Output the data in full. Keep every word exact and exclude the pictures.

## Given data

────────────────────────────────────────

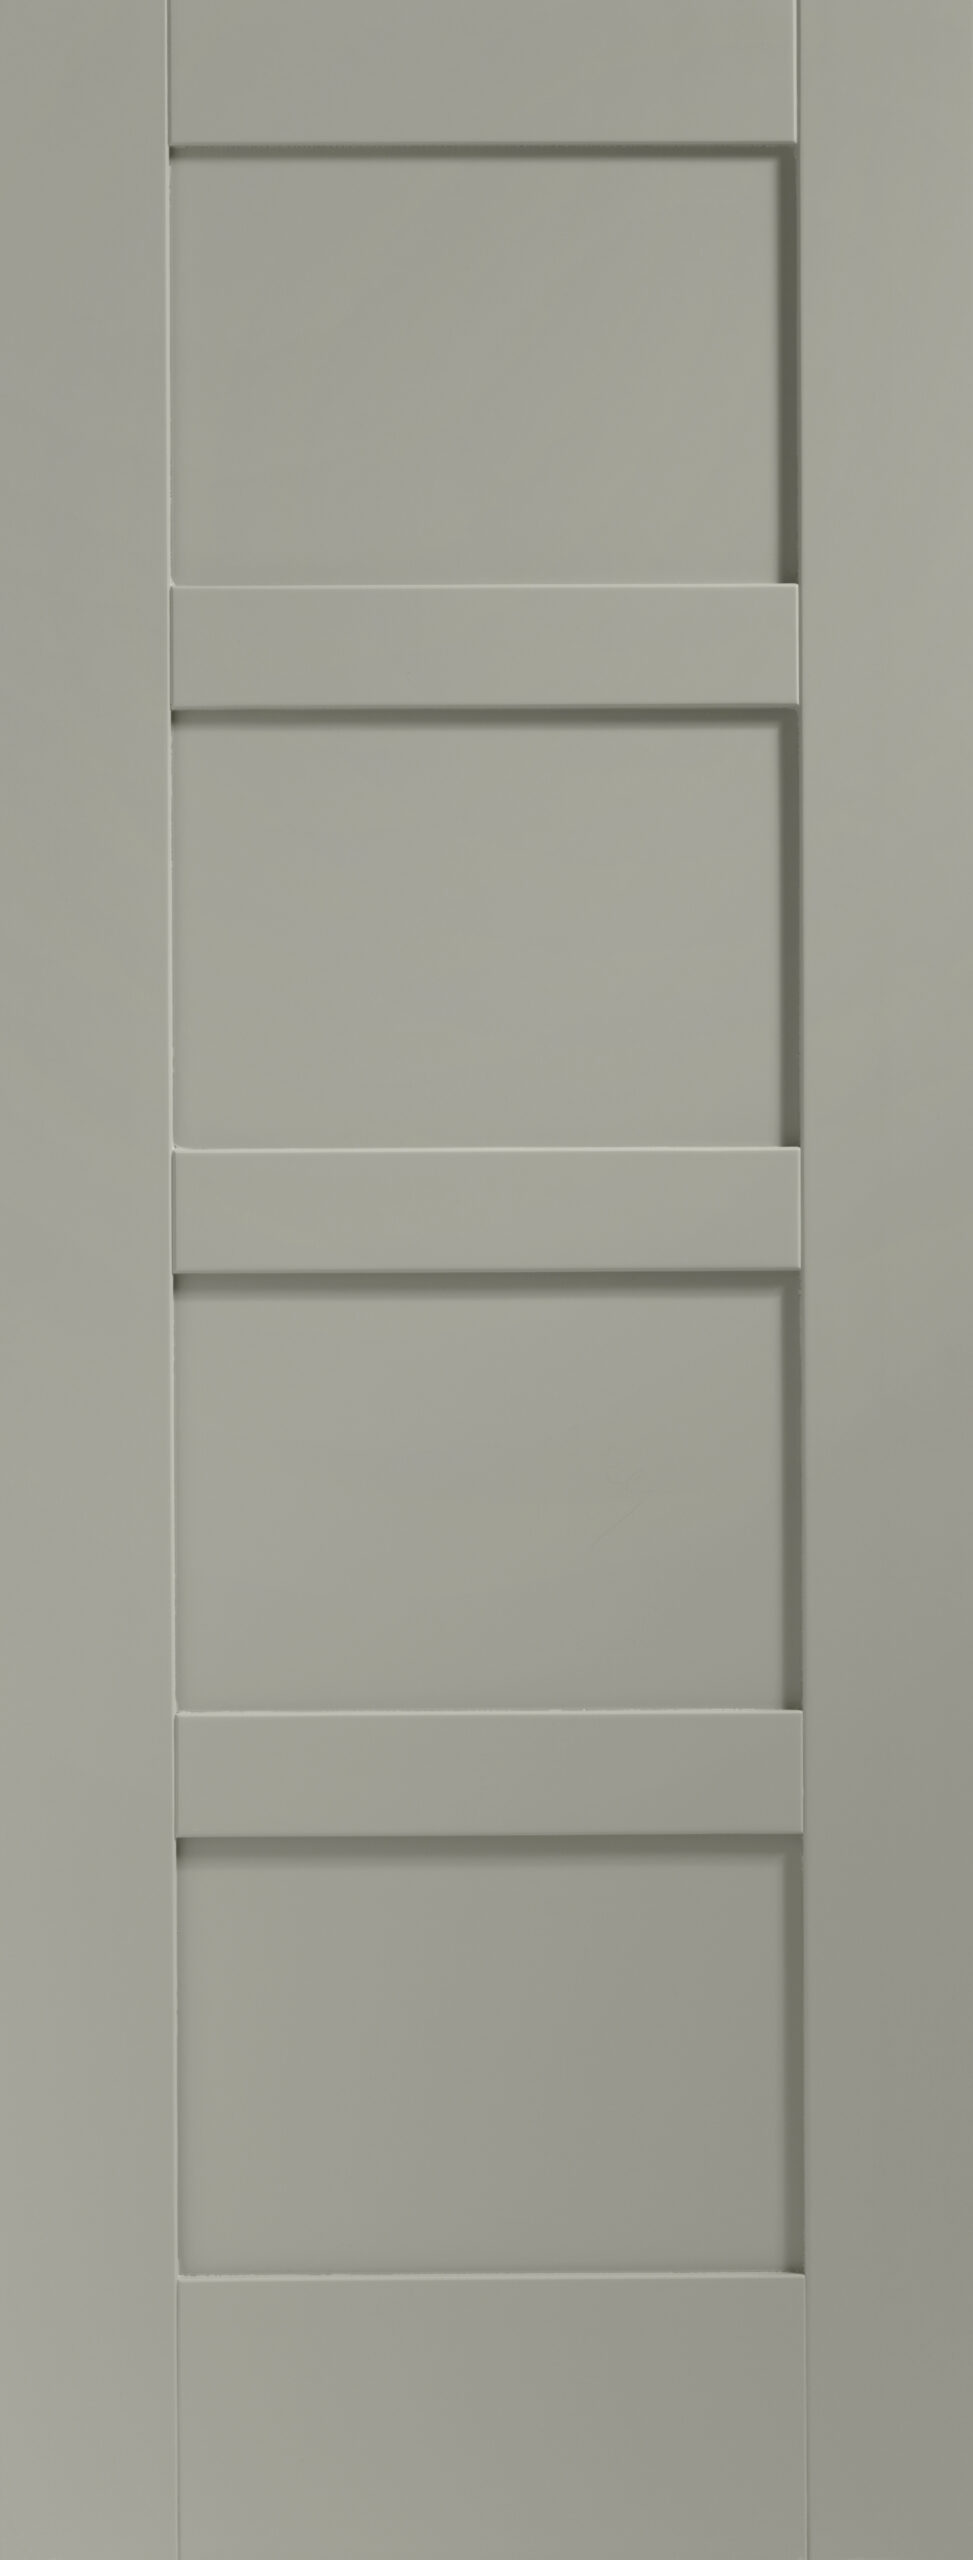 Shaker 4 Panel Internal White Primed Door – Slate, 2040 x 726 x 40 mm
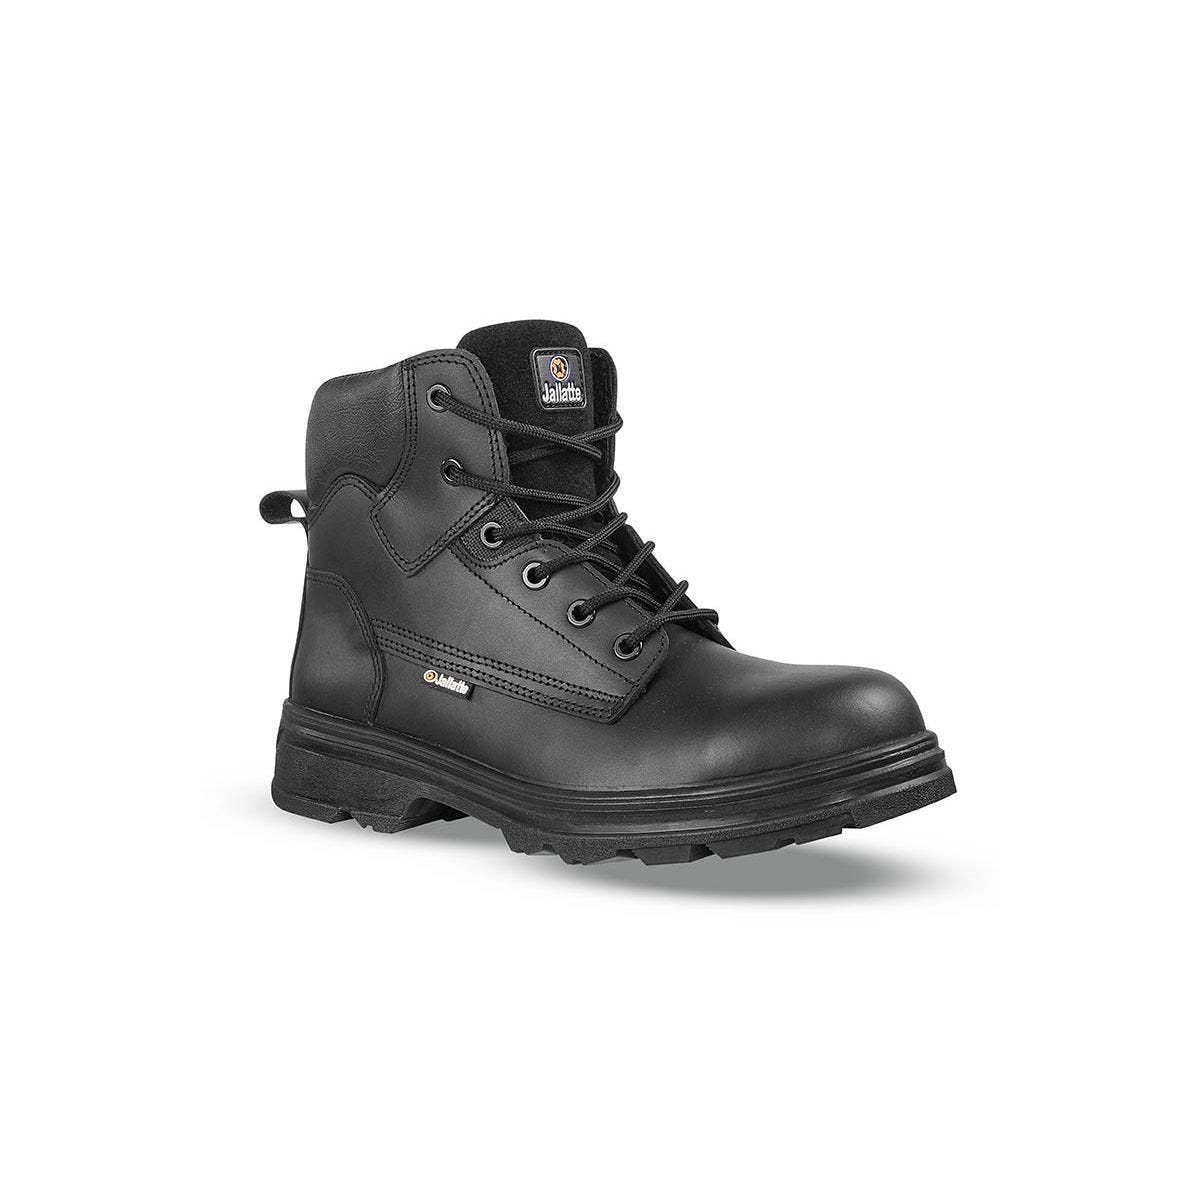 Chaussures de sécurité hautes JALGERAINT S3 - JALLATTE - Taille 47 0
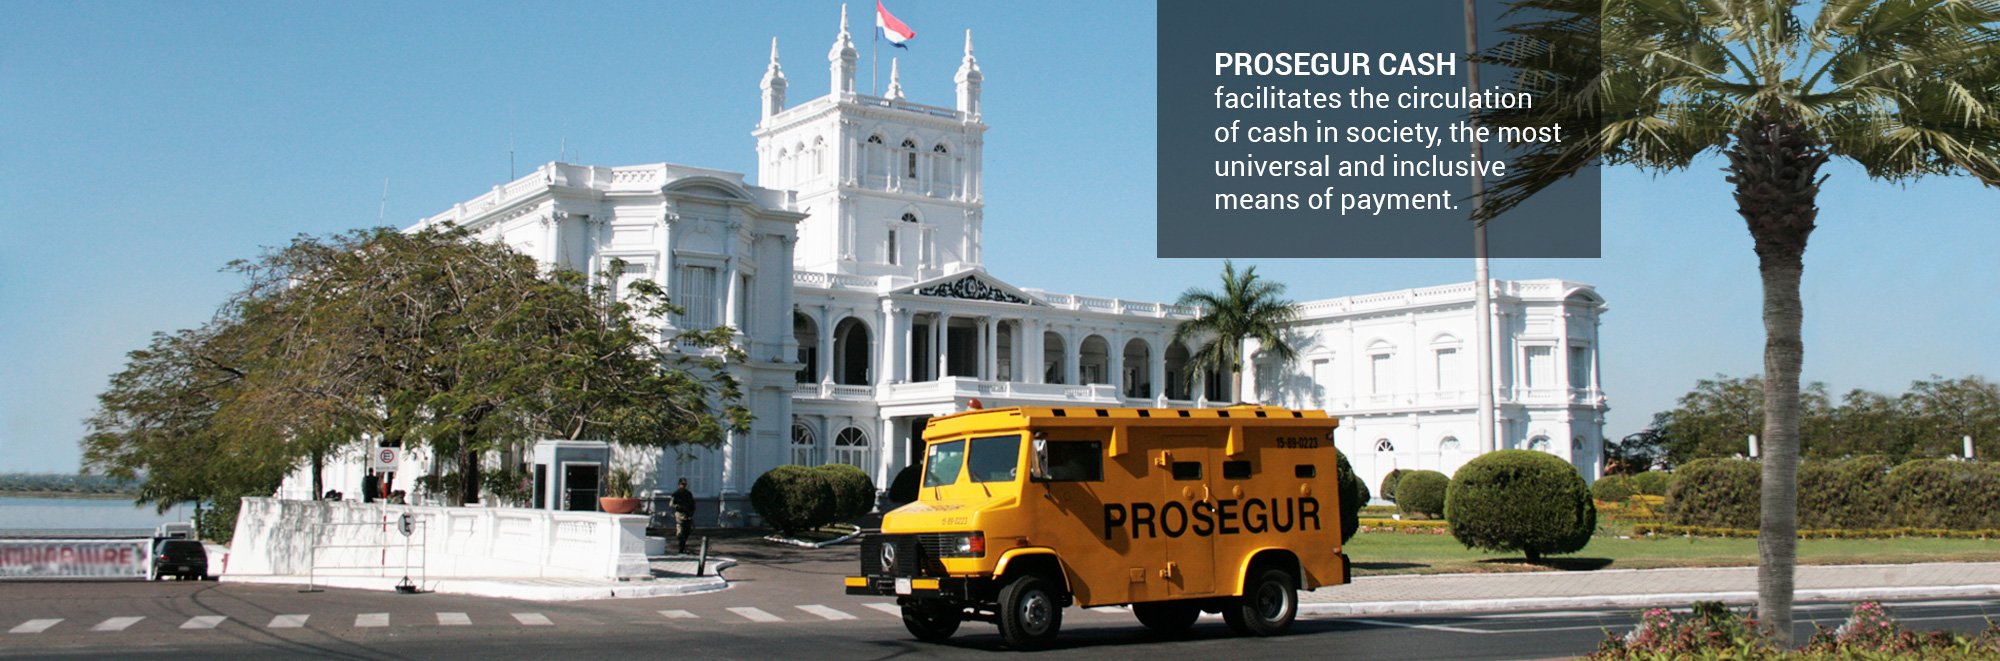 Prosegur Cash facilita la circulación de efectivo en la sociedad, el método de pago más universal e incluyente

────────────────────────────────────────

## Answer to this problem
 Shaker 4 Panel Internal White Primed Door – Slate, 2040 x 726 x 40 mm
 Chaussures de sécurité hautes JALGERAINT S3 - JALLATTE - Taille 47 0
 Prosegur Cash facilita la circulación de efectivo en la sociedad, el método de pago más universal e incluyente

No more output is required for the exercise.